What this task involves:
Line by line, repeat the material below exactly and skip the images.

Collected material:
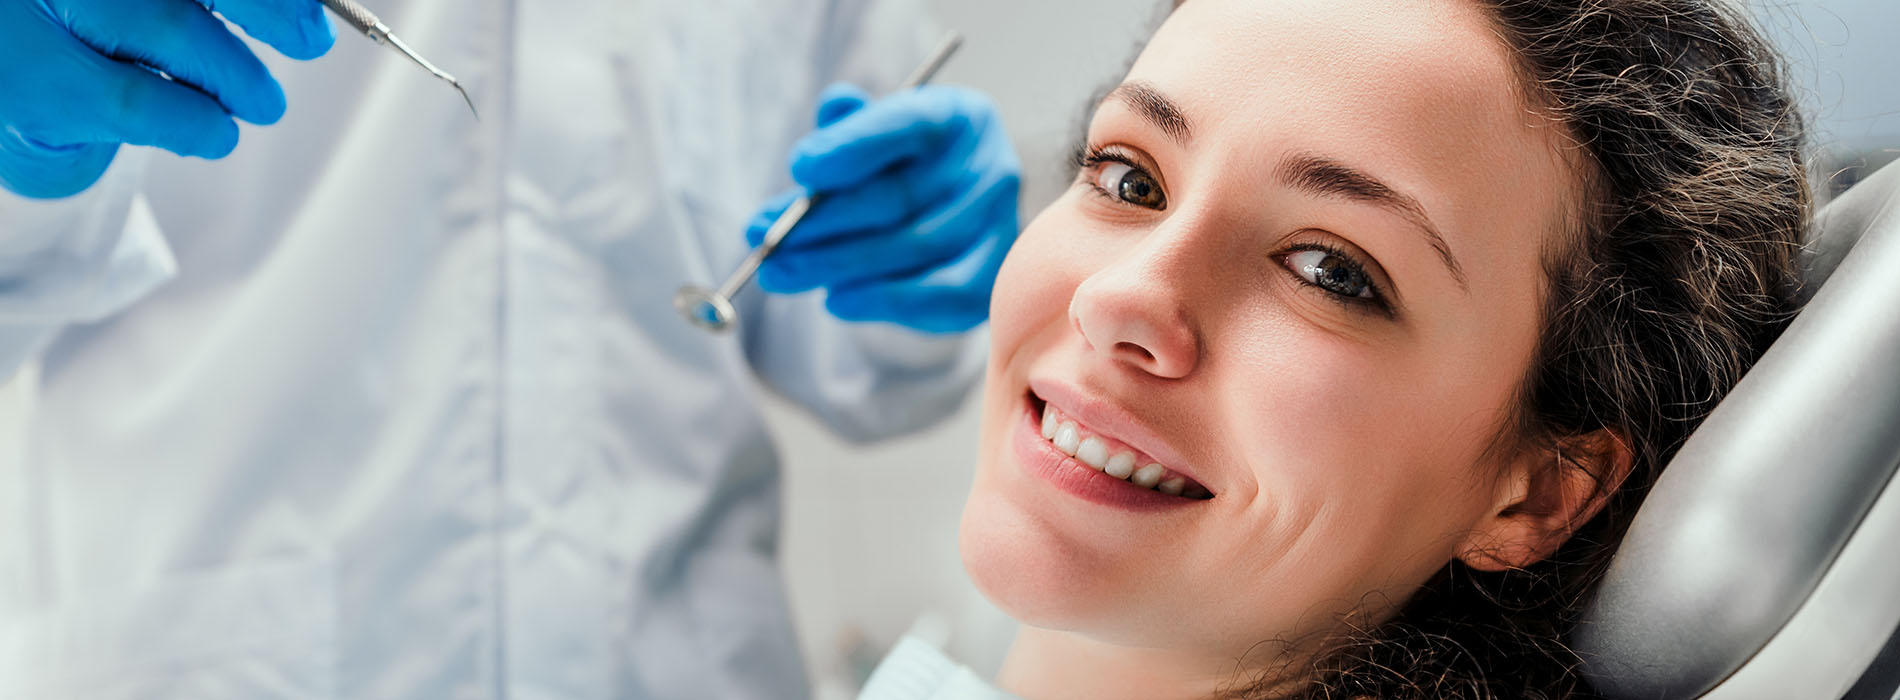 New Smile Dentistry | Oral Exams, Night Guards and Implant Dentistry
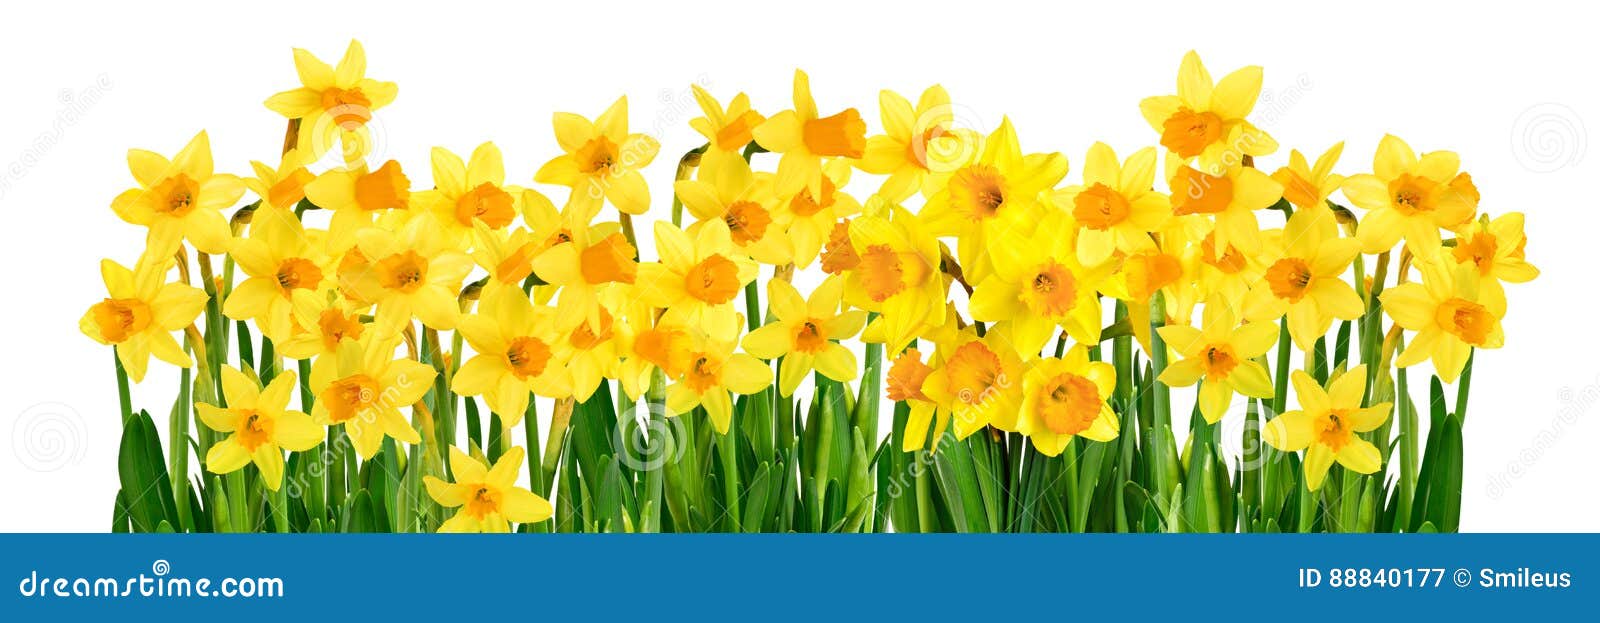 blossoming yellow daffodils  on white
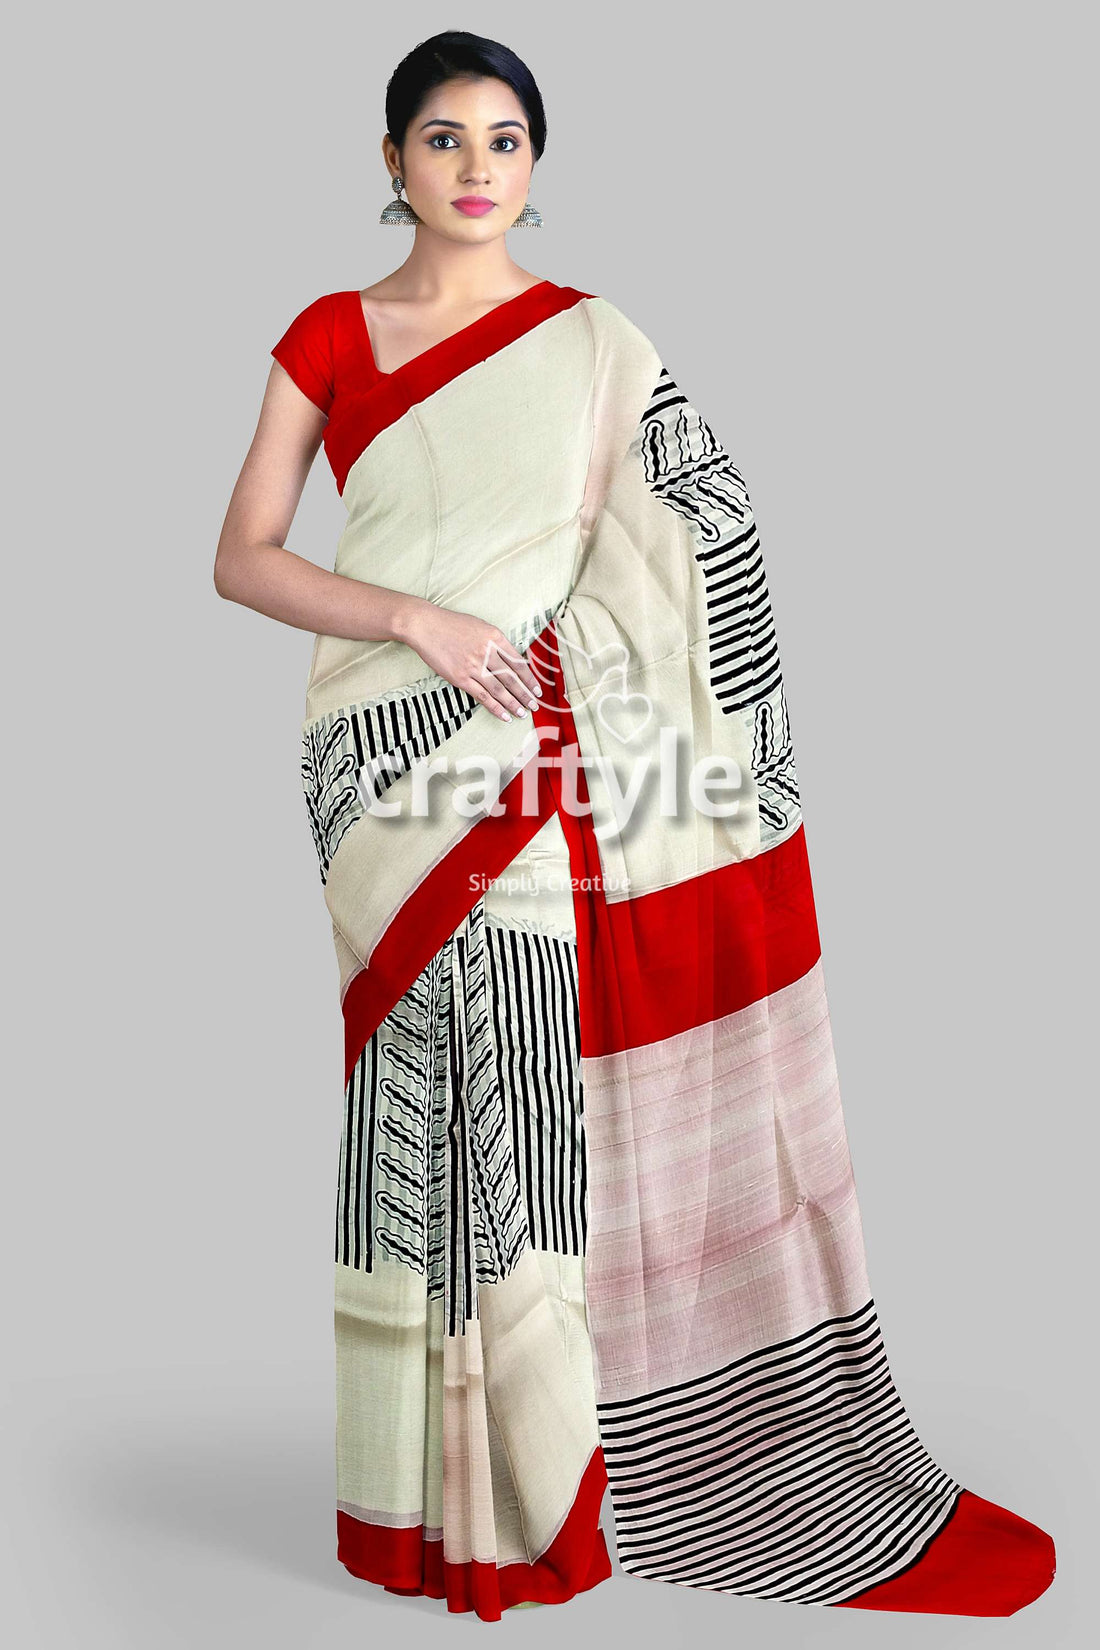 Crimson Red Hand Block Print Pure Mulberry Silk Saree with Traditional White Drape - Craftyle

Exercise result:
 New Smile Dentistry | Oral Exams, Night Guards and Implant Dentistry
 blossoming yellow daffodils  on white
 Crimson Red Hand Block Print Pure Mulberry Silk Saree with Traditional White Drape - Craftyle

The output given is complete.